Between 1960 and 1970, Neiman produced a total of more than 100 paintings and two murals for 18 Playboy clubs. "Playboy made the good life a reality for me and made it the subject matter of my paintings — not affluence and luxury, as such, but joie de vivre itself," he told an interviewer for VIP Magazine (July 1962). In 1961, Neiman rented a studio in Paris. While living in France, he did studies of the Deauville social season and of famous French restaurants, and he won a gold medal at the Salon d'Art Moderne in Paris. Neiman also spent time in Italy, where he painted a regatta of gondoliers in Venice and the filmmaker Federico Fellini at work in Rome. His first solo shows outside the United States were held in galleries in London and Paris in 1962.

After returning to the United States the next year, he established a studio in New York City. A few months later, he had his first one-person exhibit in New York, at the Hammer Galleries, which has since mounted another two dozen shows of his work. Among the more than 50 additional venues in the United States and overseas that have hosted solo Neiman exhibits are the Minnesota Museum of Art, in St. Paul; the University of Texas in El Paso; the Abbey Theatre, in Dublin, Ireland; the Museo de Bellas Artes, in Caracas, Venezuela; Casagrafica, in Helsinki, Finland; and the New State Tretyakov Museum, in Moscow. In 1988, a show of his artworks toured four cities in Japan.

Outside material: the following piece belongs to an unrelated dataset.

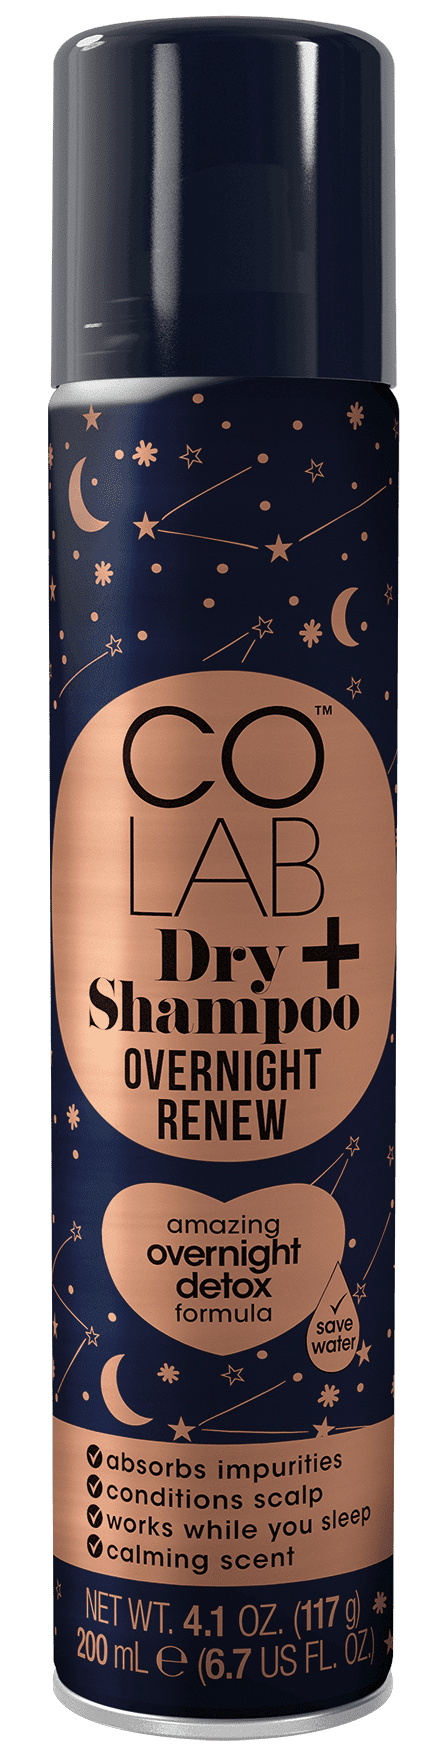 Colab Pernottamento Rinnovare Shampoo a Secco

LeRoy NeimanNeiman has participated in dozens of group exhibitions as well, and in 1981, he took part in a two-man show with Andy Warhol at the Los Angeles Institute of Contemporary Art. The Hermitage Museum in St. Petersburg, Russia, which purchased 19 of his prints in 1973, is one of the many public and private institutions that hold works by him in their permanent collections. Despite such recognition, art critics have, with few exceptions, totally ignored his work or dismissed it as superficial or vulgar.

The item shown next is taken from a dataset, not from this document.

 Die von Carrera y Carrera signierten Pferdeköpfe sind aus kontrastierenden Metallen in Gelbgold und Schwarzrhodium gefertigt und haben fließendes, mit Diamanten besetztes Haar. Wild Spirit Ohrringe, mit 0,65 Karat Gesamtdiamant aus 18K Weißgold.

According to Nancy Wolfson, Neiman may be the "most belittled artist of our time." Hundreds of works by Neiman appear in his books, which, in addition to Art and Life Style, include Horses (1979); LeRoy Neiman Posters (1980); Carnaval (1981); Winners (1983), which was published in Japanese in 1985; Monte Carlo Chase (1988); The Prints of LeRoy Neiman 1980-1990 (1991); Big Time Golf (1992); LeRoy Neiman, An American in Paris (1994); LeRoy Neiman On Safari (1997), The Prints of LeRoy Neiman 1990-2000 (2000), and his most recent, LeRoy Neiman Sketchbook: 1964 Liston vs. Clay - 1965 Ali vs. Liston (2005).

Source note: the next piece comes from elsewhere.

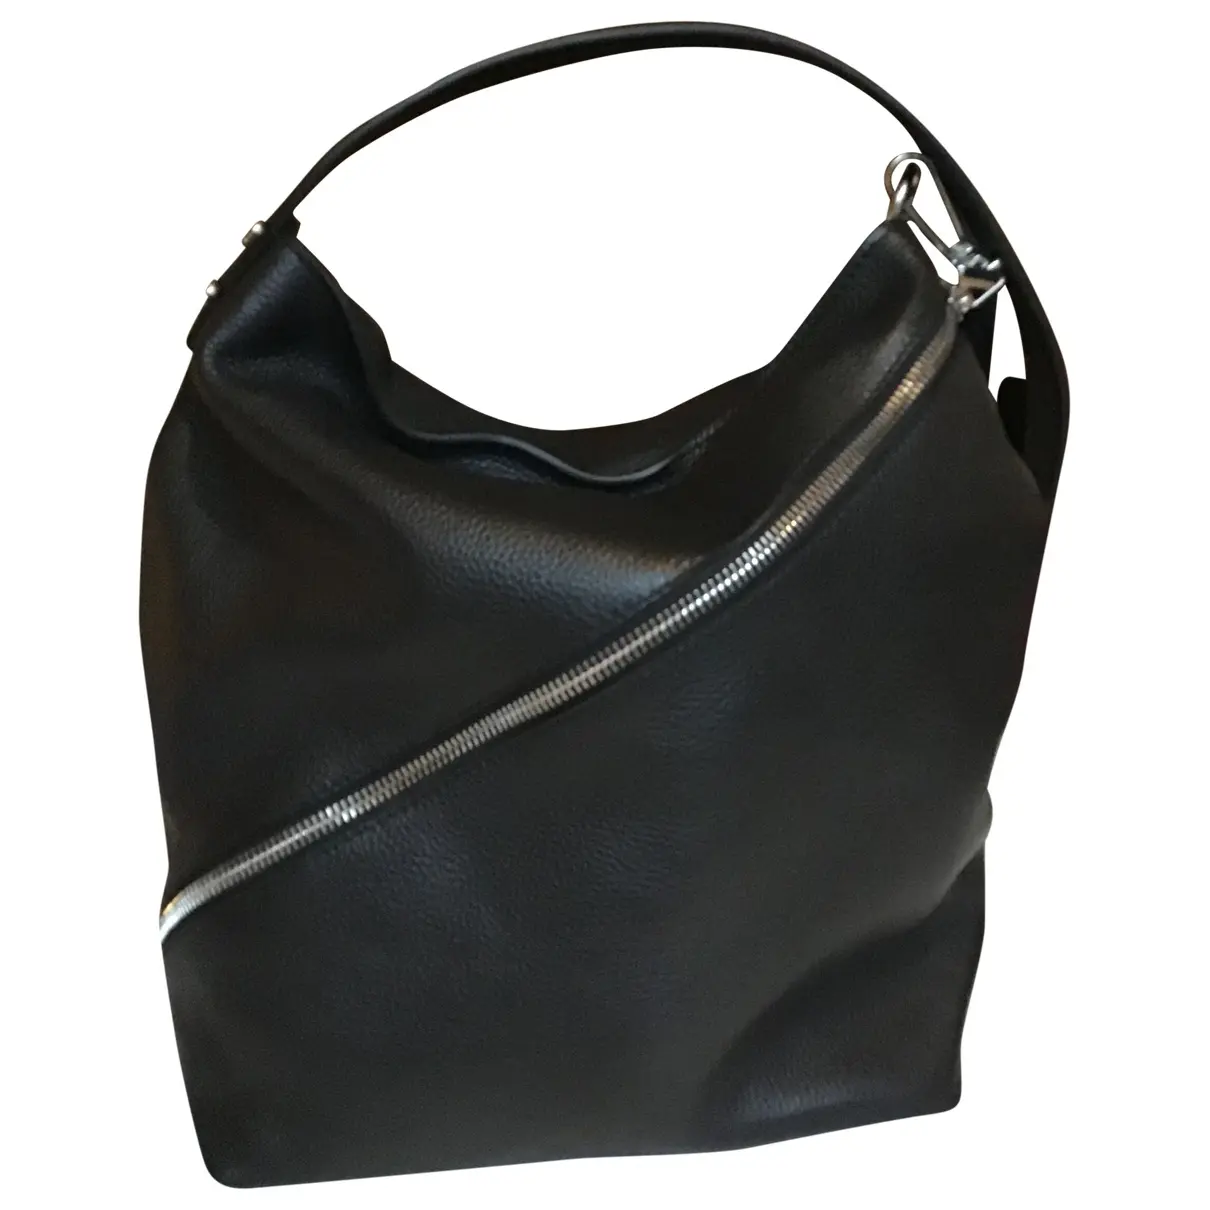 Zip Hobo leather handbag Proenza Schouler

Each year for the past quarter-century, Neiman has created at least eight limited-edition serigraphs (silkscreen prints); distributed by Knoedler Publishing, they are sold in selected galleries throughout the United States. According to an article in Manhattan (Winter 1995-96), the more than 150,000 Neiman prints that have been purchased to date "have an estimated market value exceeding $400 million." By his own account, LeRoy Neiman works very hard, has no hobbies, and does not take vacations. He paints in a double-height studio in the Hotel des Artistes, a landmark New York City building across the street from one of his favorite subjects — Central Park. In the same building he maintains an office; a penthouse pied-a-terre; and an apartment that he shares with his best friend — his wife, the former Janet Byrne, whom he married on June 22, 1957. His archives, which he is currently assembling for preservation at the Smithsonian Institution, in Washington, D.C., are also kept there. Through the years, he has donated scores of his artworks to charitable organizations, and in 1995 he gave the School of the Arts at Columbia University, in New York City, a gift of $6 million to create the LeRoy Neiman Center for Print Studies.